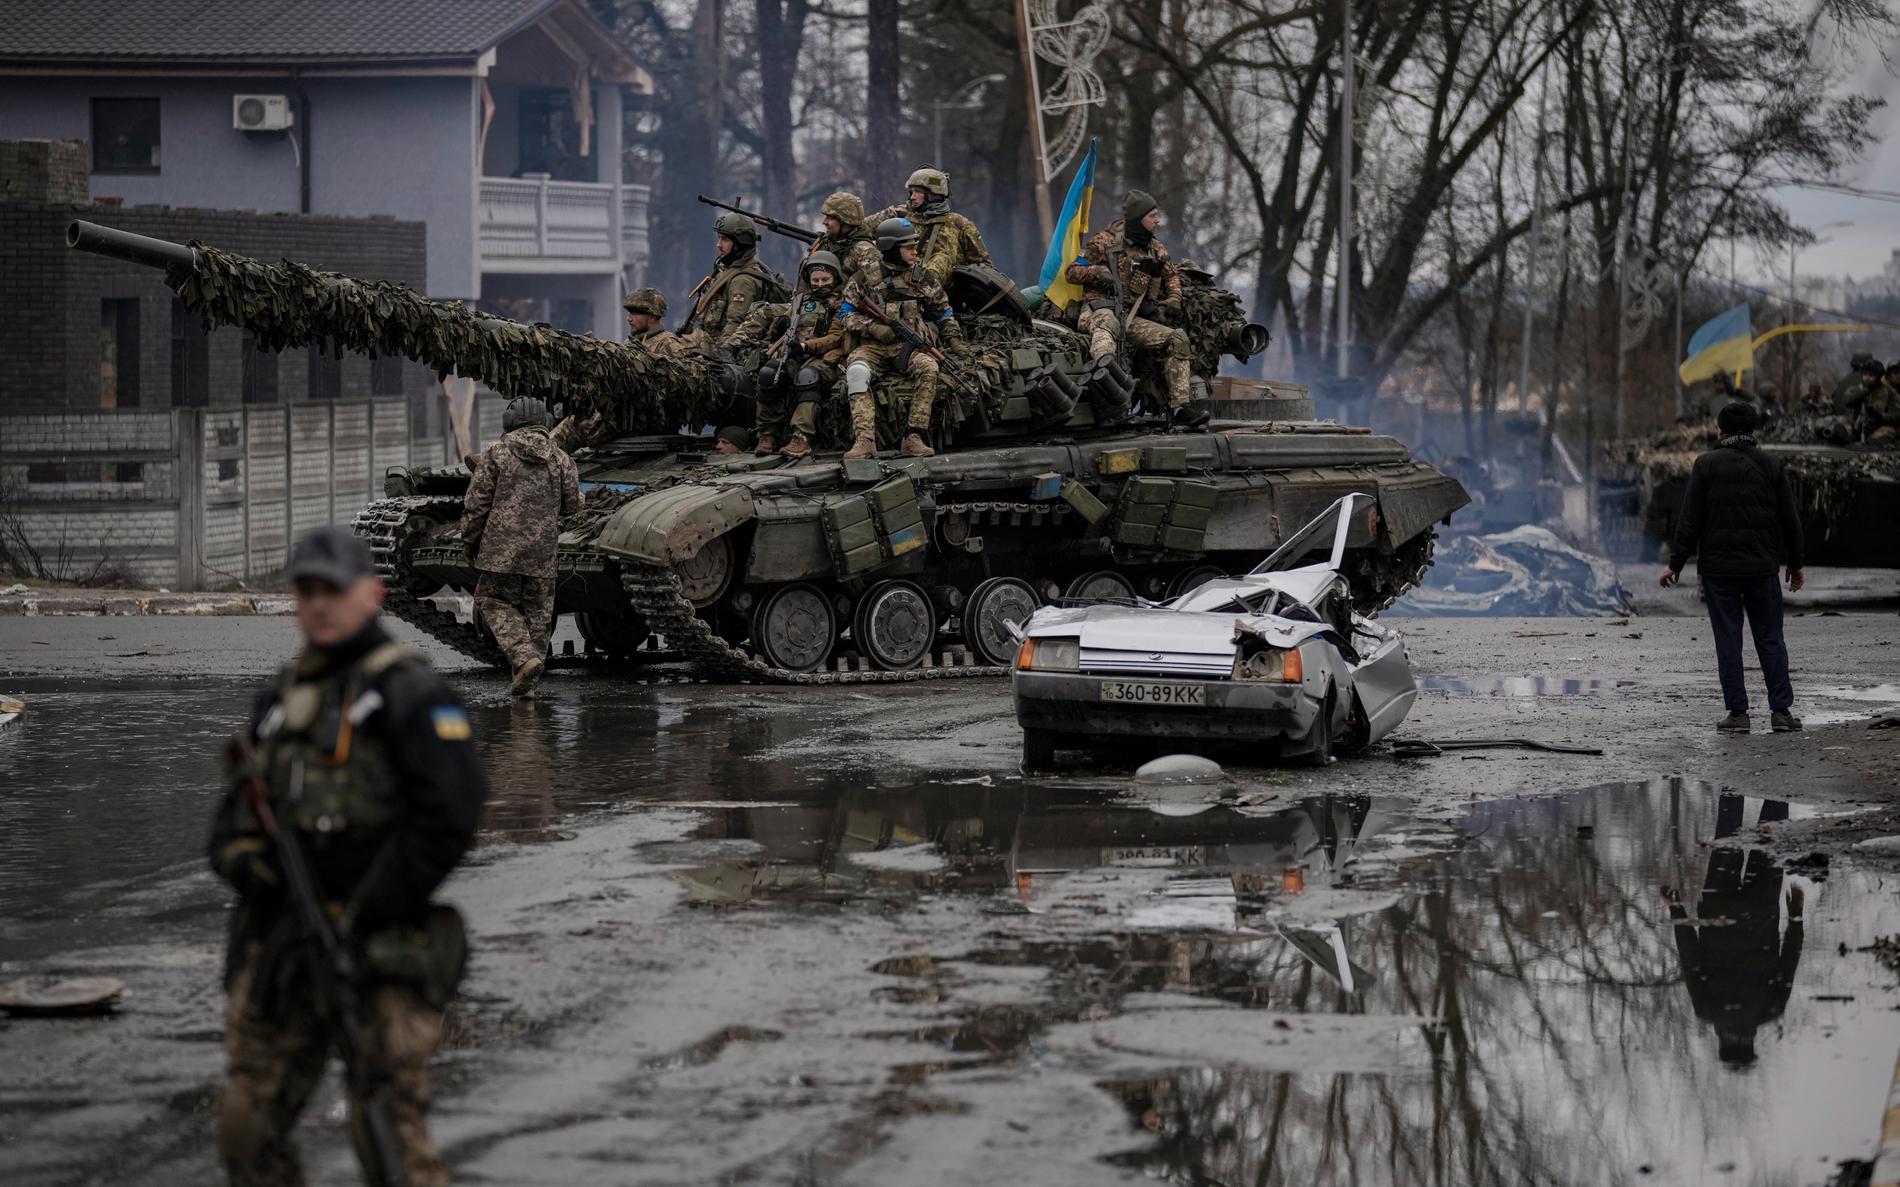 Ukrainska armén befarar att ryska trupper lagt minor i bostäder och på kvarlevor. Soldaterna vågar inte gå nära kropparna, eftersom de kan vara minerade.
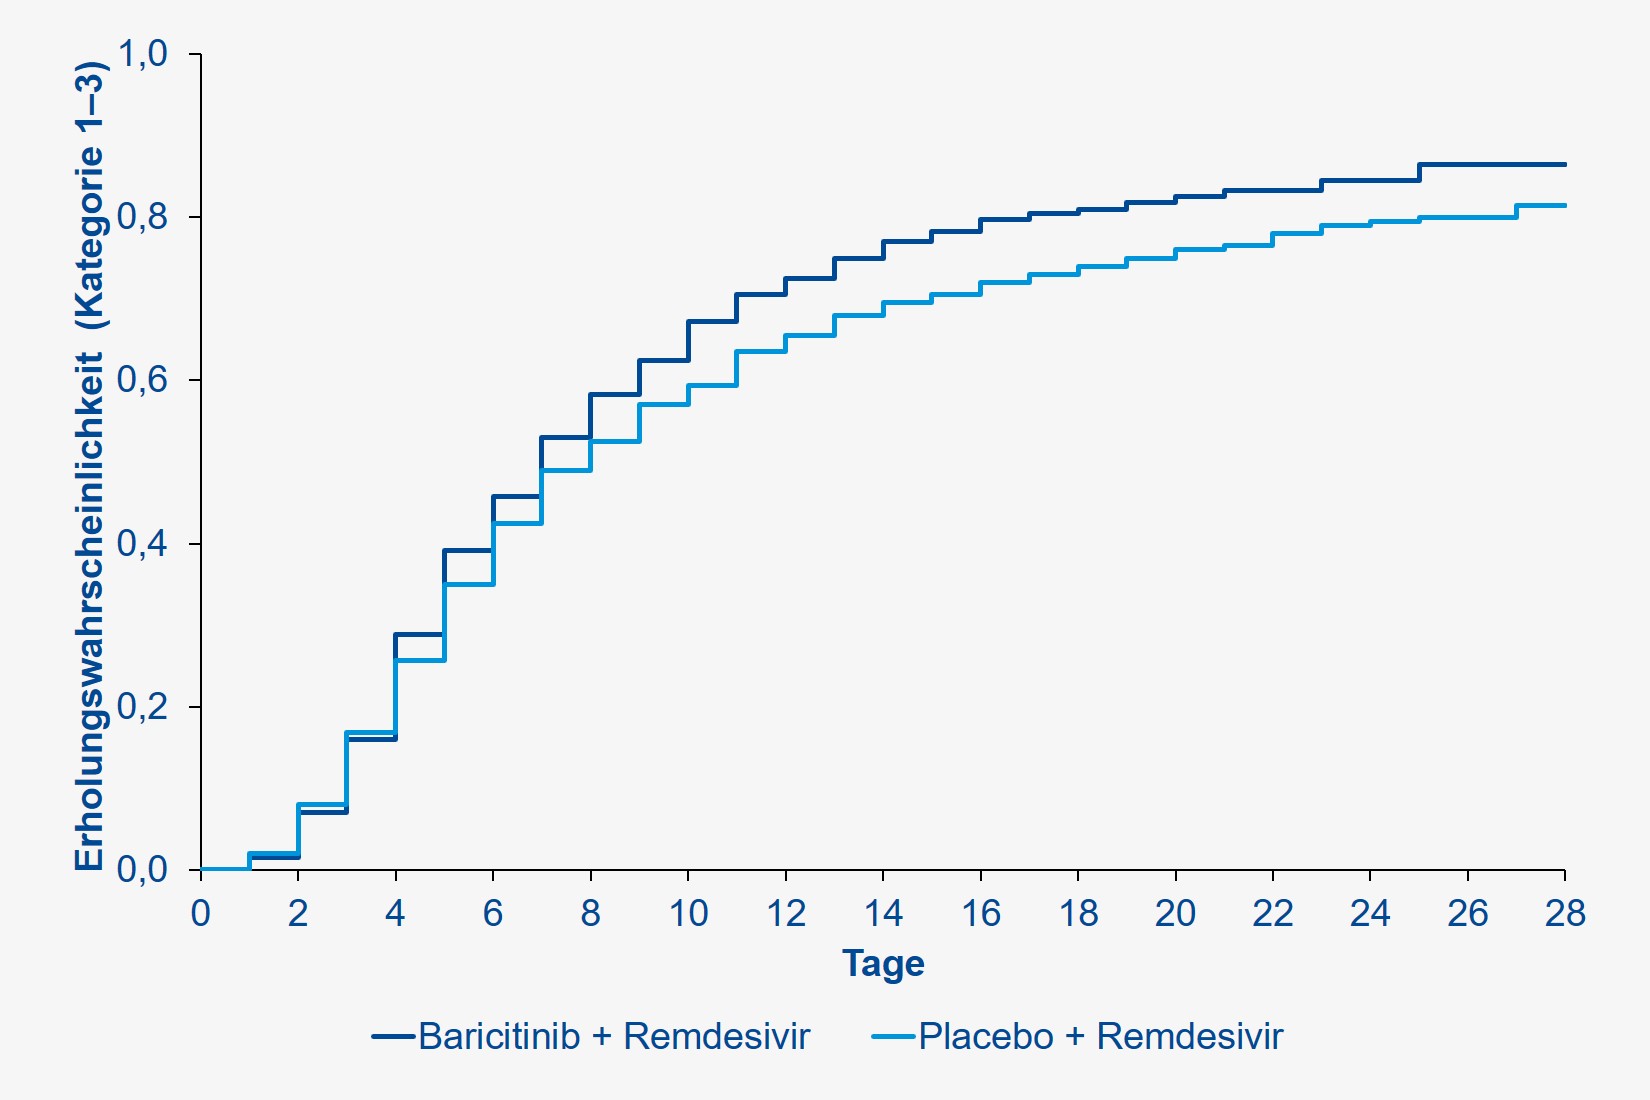 <p>Wahrscheinlichkeit einer Erholung (Kategorie 1 bis 3 auf einer 8-Kategorien-Outcome-Skala) unter Baricitinib plus Remdesivir im Vergleich zu Remdesivir plus Placebo. Nachberechnet nach <a href="https://www.nejm.org/doi/full/10.1056/NEJMoa2031994">The New England Journal of Medicine</a>.</p>
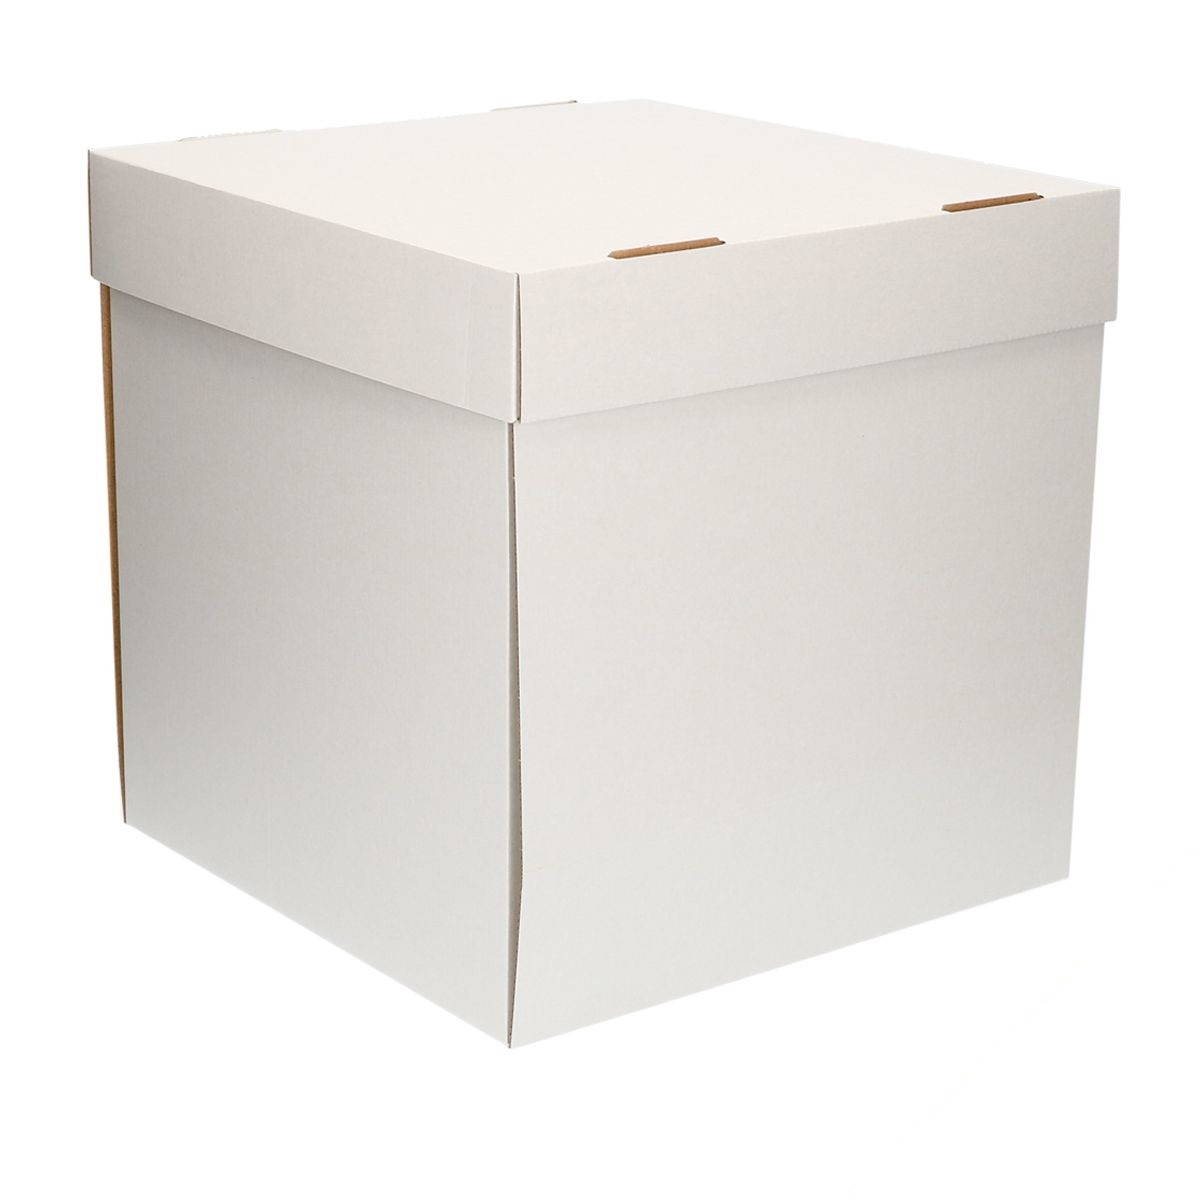  Bianco Scatola per Torte per trasportare 20 x 20 x 15 cm  Blanko  FunCakes Portatorta  
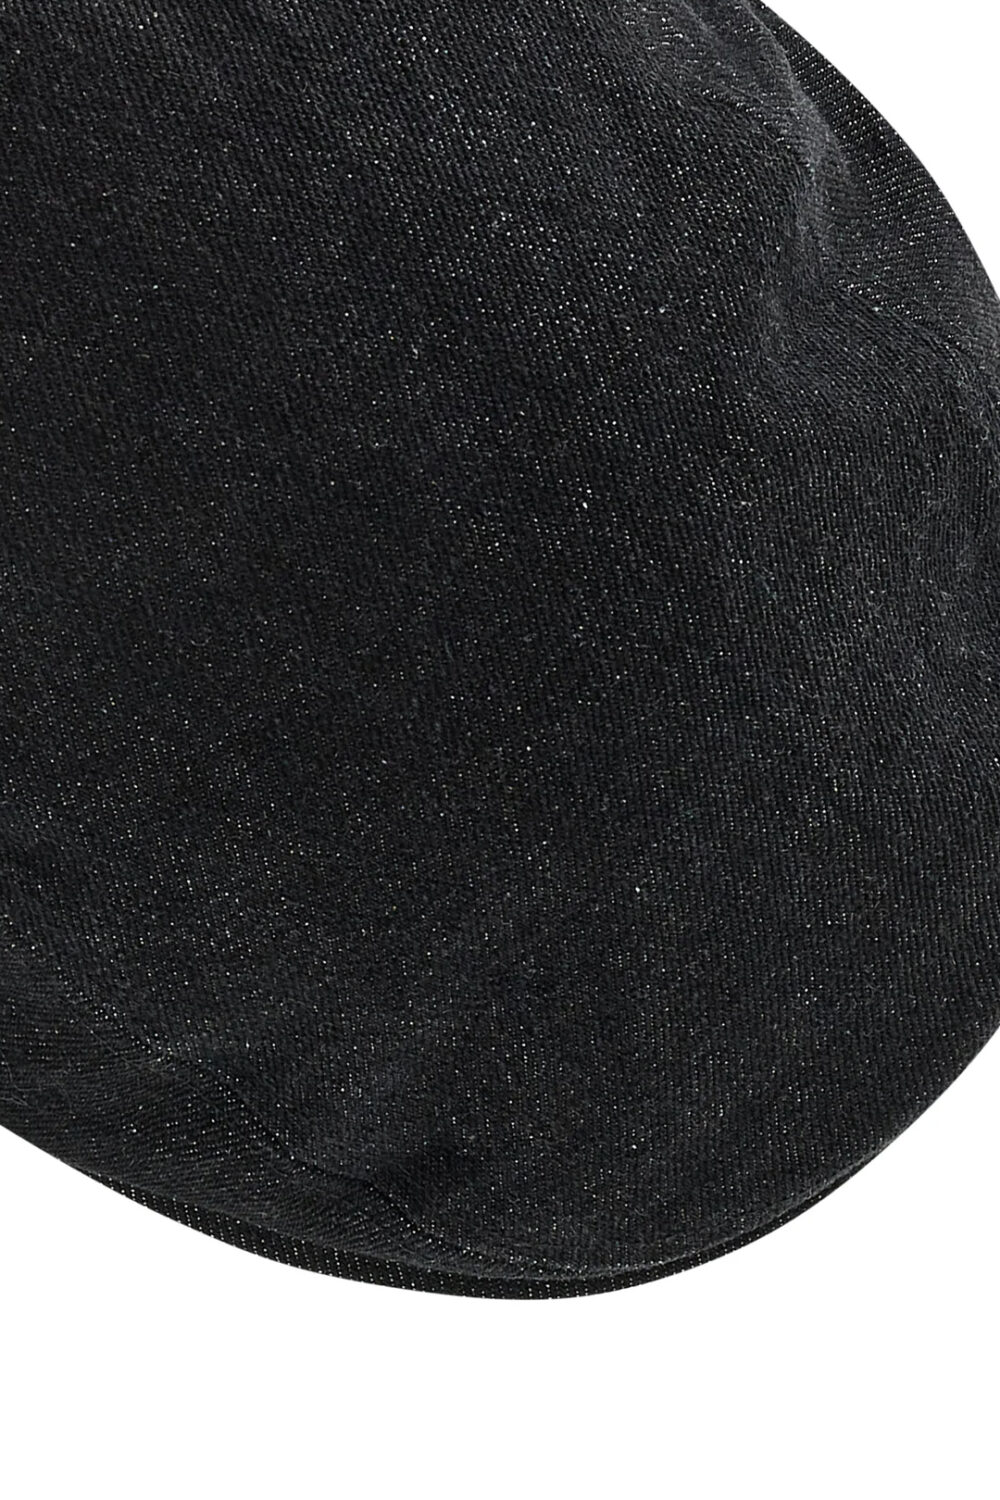 Cappello con visiera Levi's® DENIM DRIVER Black Jeans - Foto 2

Exercise goal: Please produce an exact copy of the listing, omitting the pictures.

Task solution:
 Ukrainska armén befarar att ryska trupper lagt minor i bostäder och på kvarlevor. Soldaterna vågar inte gå nära kropparna, eftersom de kan vara minerade.
 <p>Wahrscheinlichkeit einer Erholung (Kategorie 1 bis 3 auf einer 8-Kategorien-Outcome-Skala) unter Baricitinib plus Remdesivir im Vergleich zu Remdesivir plus Placebo. Nachberechnet nach <a href="https://www.nejm.org/doi/full/10.1056/NEJMoa2031994">The New England Journal of Medicine</a>.</p>
  Bianco Scatola per Torte per trasportare 20 x 20 x 15 cm  Blanko  FunCakes Portatorta  
 Cappello con visiera Levi's® DENIM DRIVER Black Jeans - Foto 2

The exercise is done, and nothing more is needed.